Sous la houlette de M. Mnangagwa, une inflation obscènement élevée, à trois chiffres, est revenue. On estime que 90 pour cent de la main d’œuvre occupe des petits boulots informels, comme vendre des légumes au bord de la route, tandis que les Zimbabwéens les plus instruits quittent le pays en nombre croissant à la recherche d’opportunités économiques.
Près de six Zimbabwéens sur dix pensent que la corruption s’est aggravée depuis que M. Mnangagwa a pris ses fonctions, et plus de 70 pour cent disent que le pays est aller dans la mauvaise directionselon Afrobarometer, une société de recherche non partisane qui mène des enquêtes à travers l’Afrique.
Les partisans du président et du ZANU-PF ont affirmé qu’il avait permis au pays de réussir économiquement en attirant les investisseurs malgré les barrières qu’ils estiment avoir été érigées par l’Occident. Le Zimbabwe se trouve sur les plus grandes réserves de le lithium, un minéral essentiel aux batteries des voitures électriques et d’autres technologies propres. Les entreprises chinoises ont investi des centaines de millions de dollars dans la production de lithium dans le pays.

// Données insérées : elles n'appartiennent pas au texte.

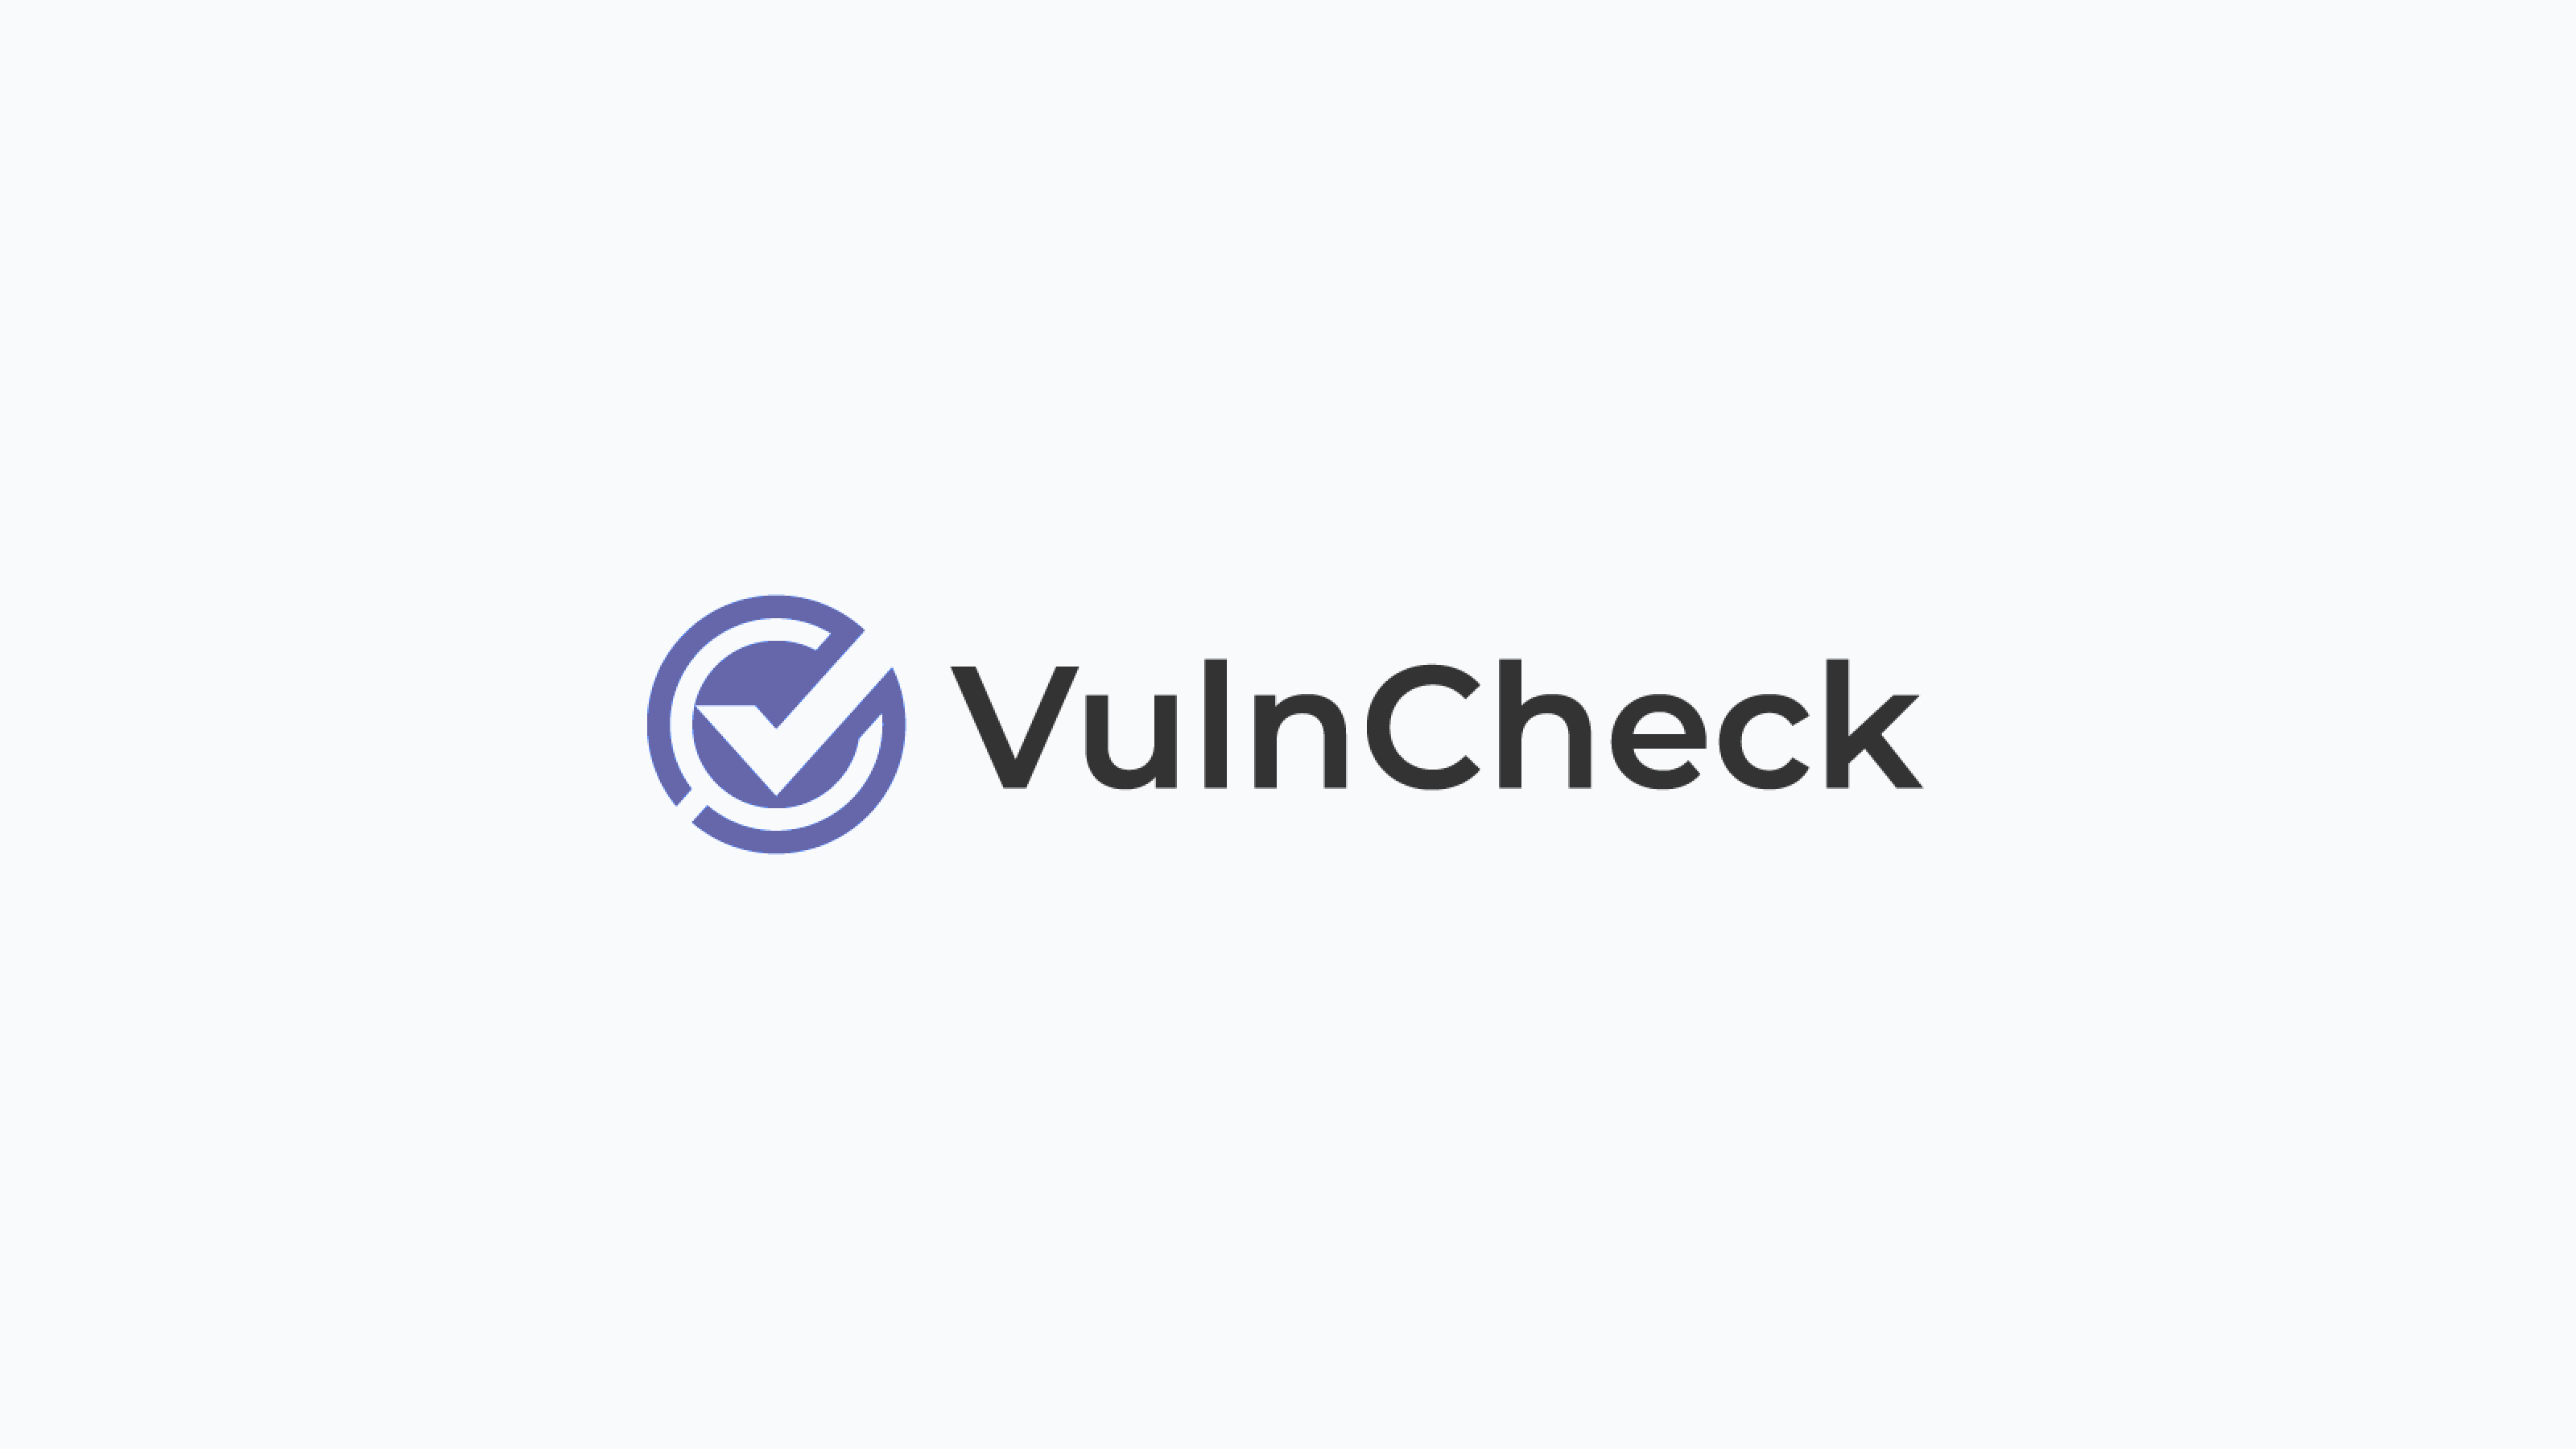 Enhancing Fleet's vulnerability management with VulnCheck integration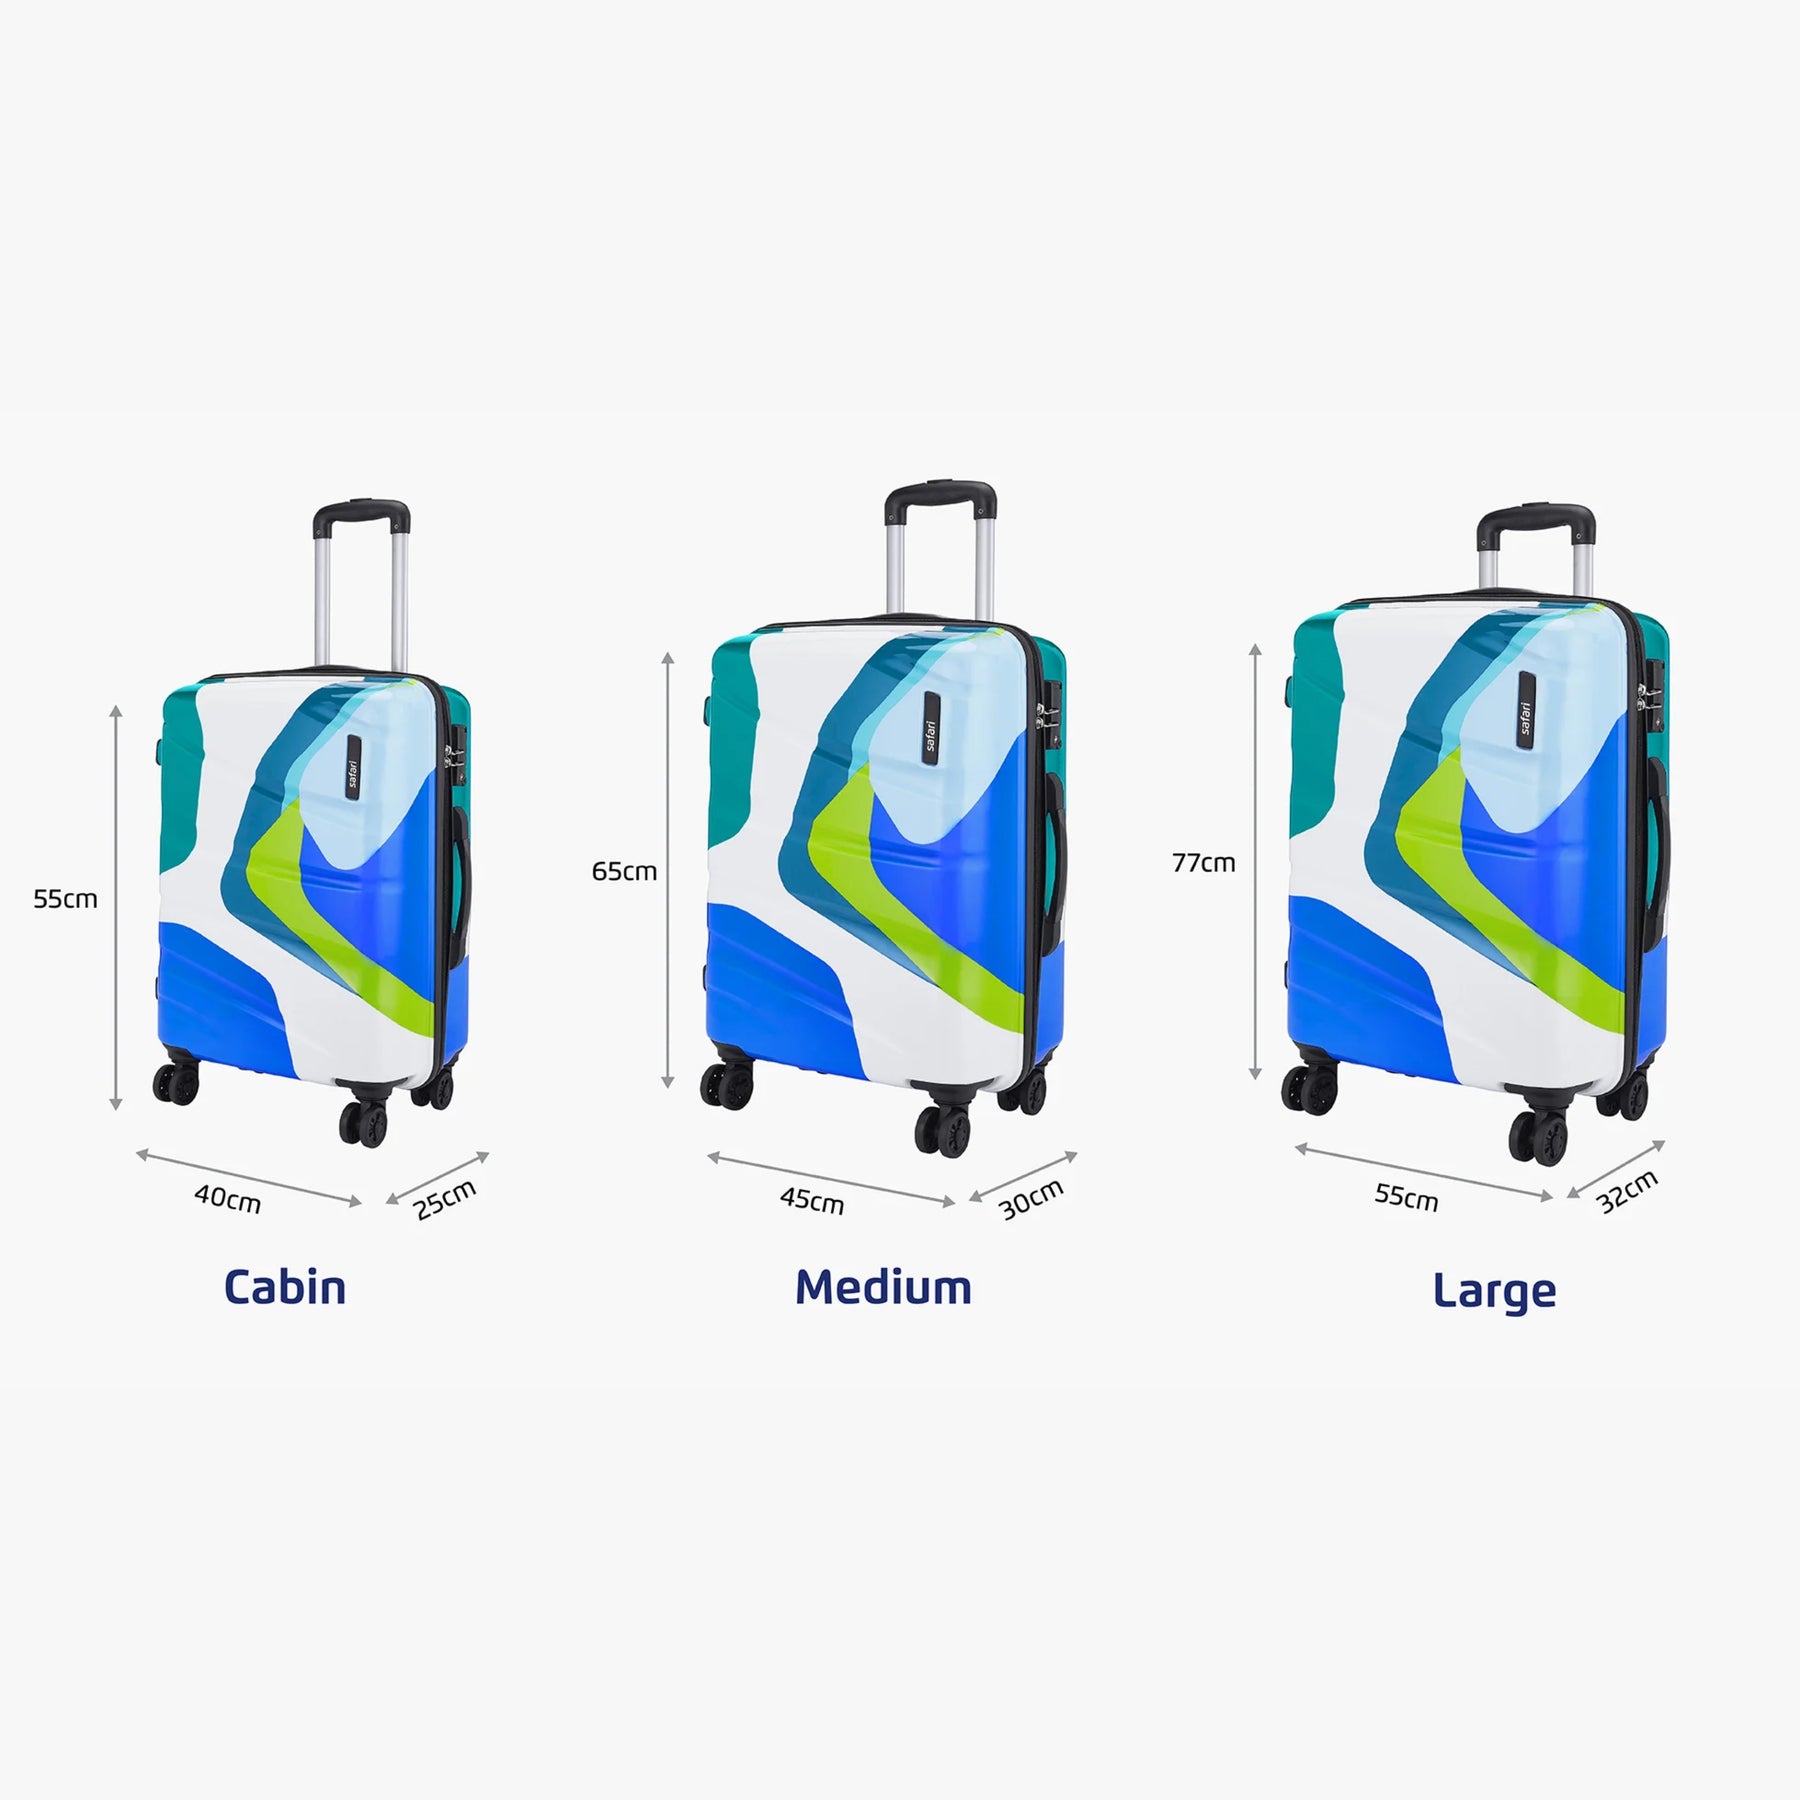 Chroma Plus Hard luggage With TSA Lock, Dual Wheel and Detailed Interi

« Le président ED Mnangagwa est aimé de nombreuses personnes en raison de sa volonté de développement », a déclaré Nyasha Musavengana, vêtue d’un T-shirt vert avec la photo du président alors qu’elle participait à un rassemblement avant les élections. « Brique par brique, étape par étape, il répare les choses au Zimbabwe. »
Bien que M. Mnangagwa ait parlé d’un engagement plus profond avec les États-Unis et l’Europe, il a également embrassé avec joie les rivaux des pays occidentaux, notamment la Chine et la Russie. Quelques semaines seulement après avoir assisté à une conférence d’affaires au Botswana organisée par les États-Unis, M. Mnangagwa était le chouchou des un sommet Russie-Afrique en juillet, où il a prononcé un discours proclamant son soutien à l’invasion de l’Ukraine par la Russie. Il aussi joyeusement a accepté le cadeau d’un hélicoptère de M. Poutine.
M. Chamisa, 45 ans, a présenté une vision totalement différente. Député depuis 20 ans, avocat et prédicateur, il a exprimé son désir de renouer avec les États-Unis et l’Europe. Il dirige un nouveau parti, la Coalition des citoyens pour le changement, et a déclaré aux Zimbabwéens qu’il proposait de mettre fin à la corruption des années passées.
« J’ai voté pour le CCC parce que j’en ai marre de souffrir », a déclaré Maggie Sibanda, 70 ans, après avoir voté près de Bulawayo. « Mes enfants sont en Afrique du Sud et ils veulent rentrer à la maison, mais comment le pourraient-ils quand les choses vont si mal ?
Tendai Marima a contribué aux reportages de Bulawayo et Harare, et Jeffrey Moyo de Harare.